Problem:
Where a picture appears, leave it out, and transcribe all the lines below exactly.

Information shown:
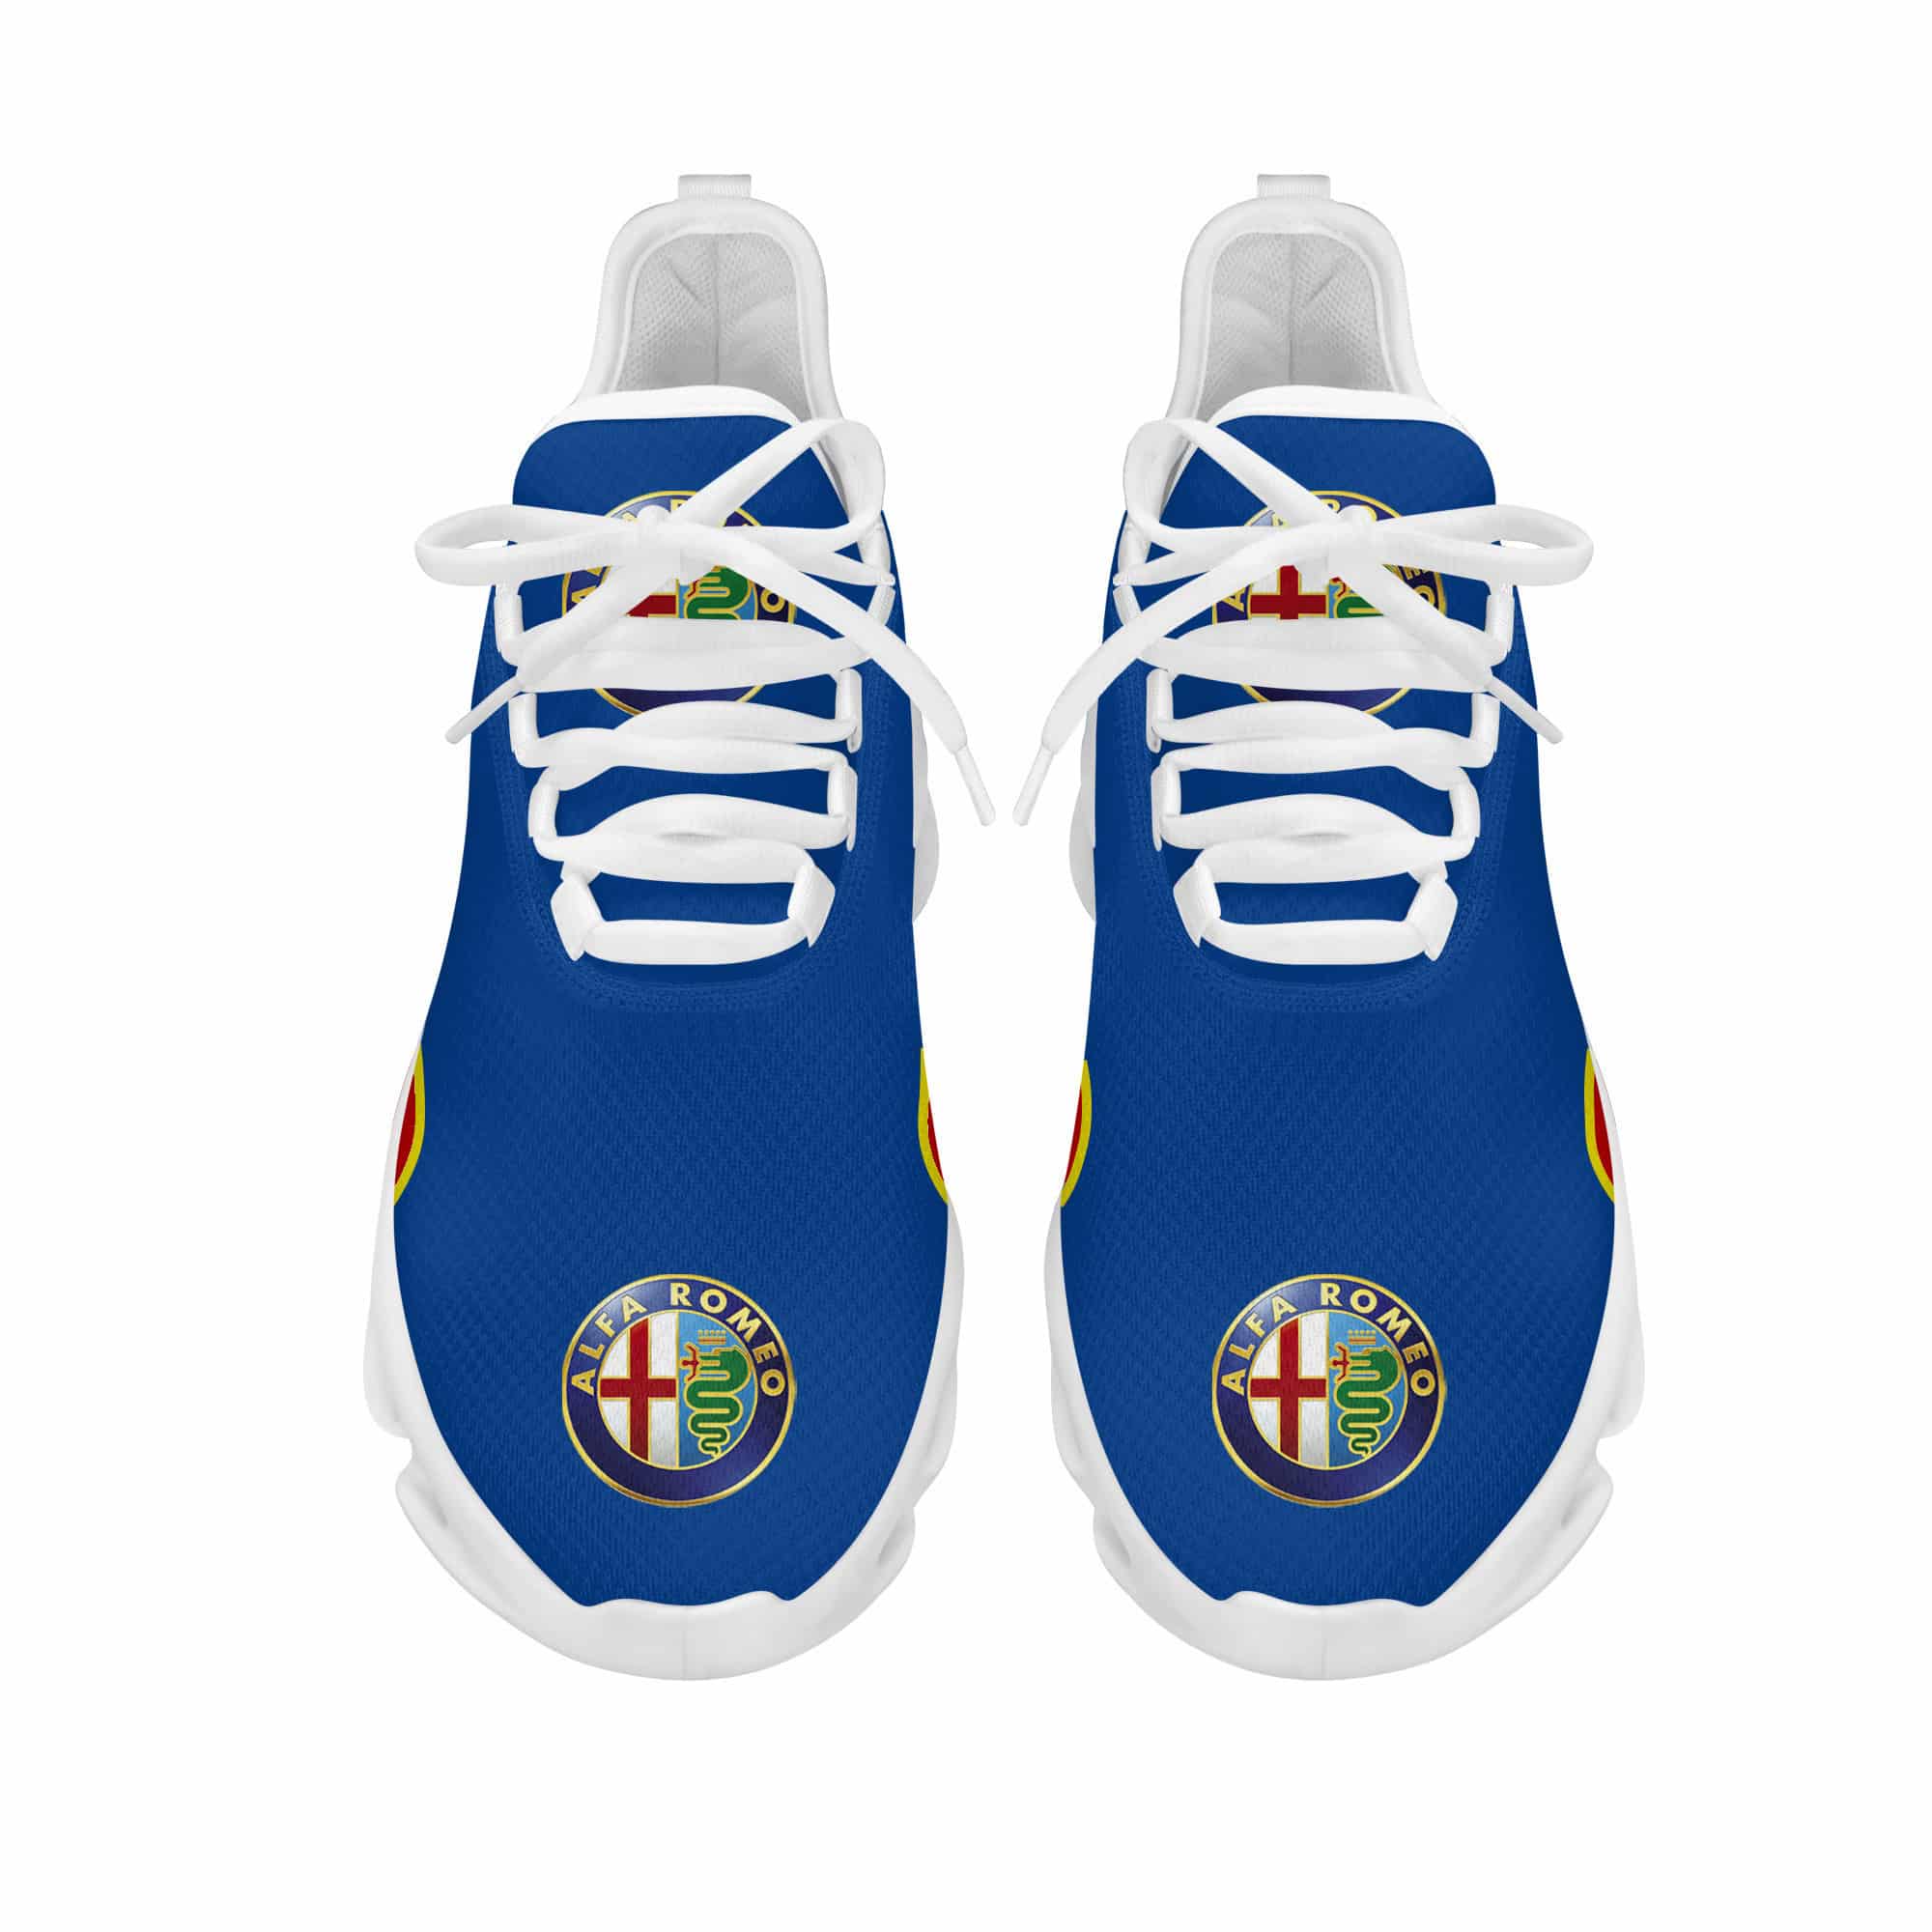 Alfa Romeo Running Shoes Max Soul Shoes Sneakers Ver 7 4
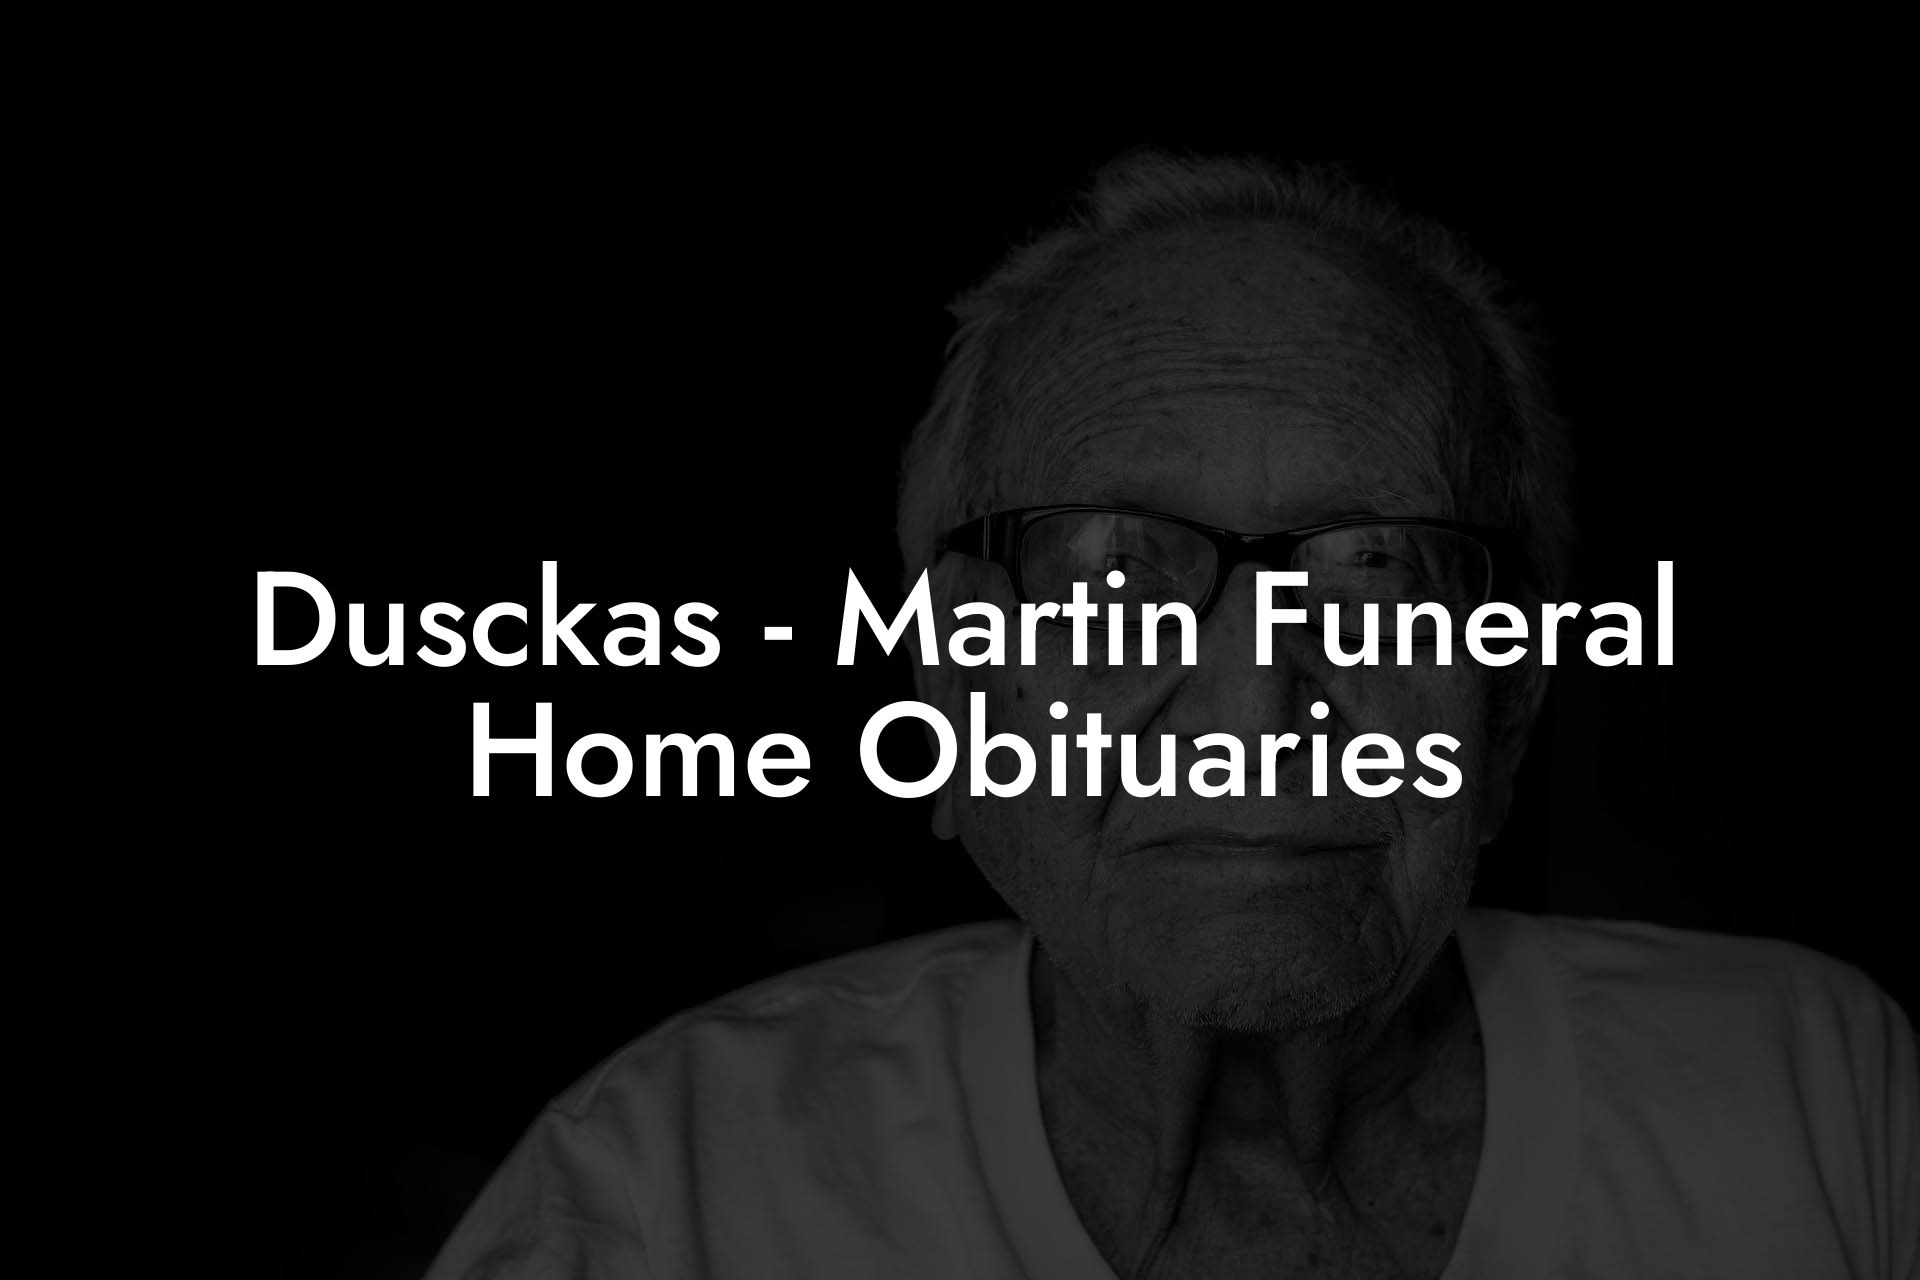 Dusckas - Martin Funeral Home Obituaries
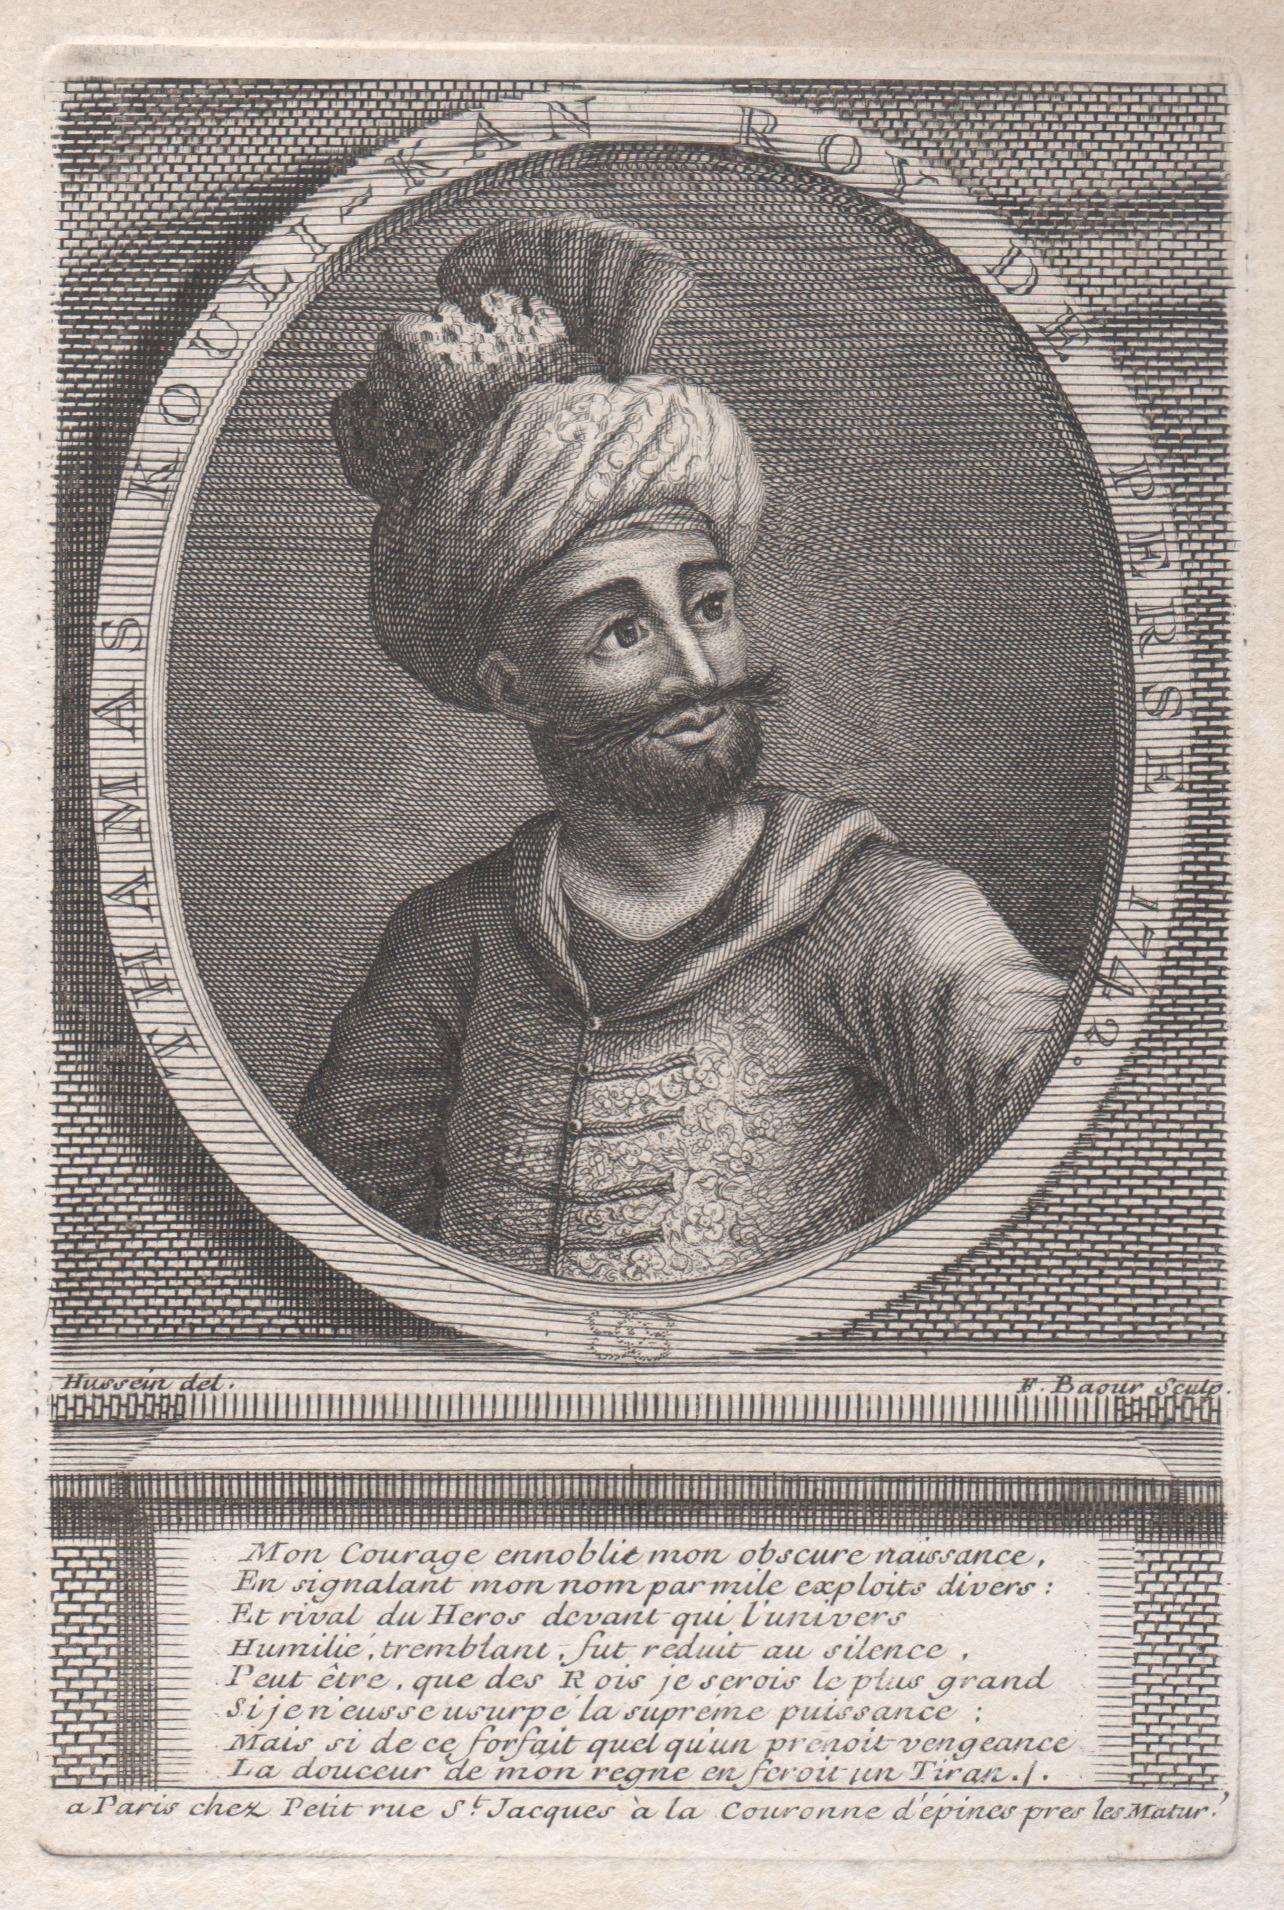 F Baour after Hussain Portrait Print – Thamas Kouli-Kan, Roy de Perse, 1742 (Nader Schah), Porträtstiche, 1742

Worked solution:
 Alfa Romeo Running Shoes Max Soul Shoes Sneakers Ver 7 4
 Dusckas - Martin Funeral Home Obituaries
 F Baour after Hussain Portrait Print – Thamas Kouli-Kan, Roy de Perse, 1742 (Nader Schah), Porträtstiche, 1742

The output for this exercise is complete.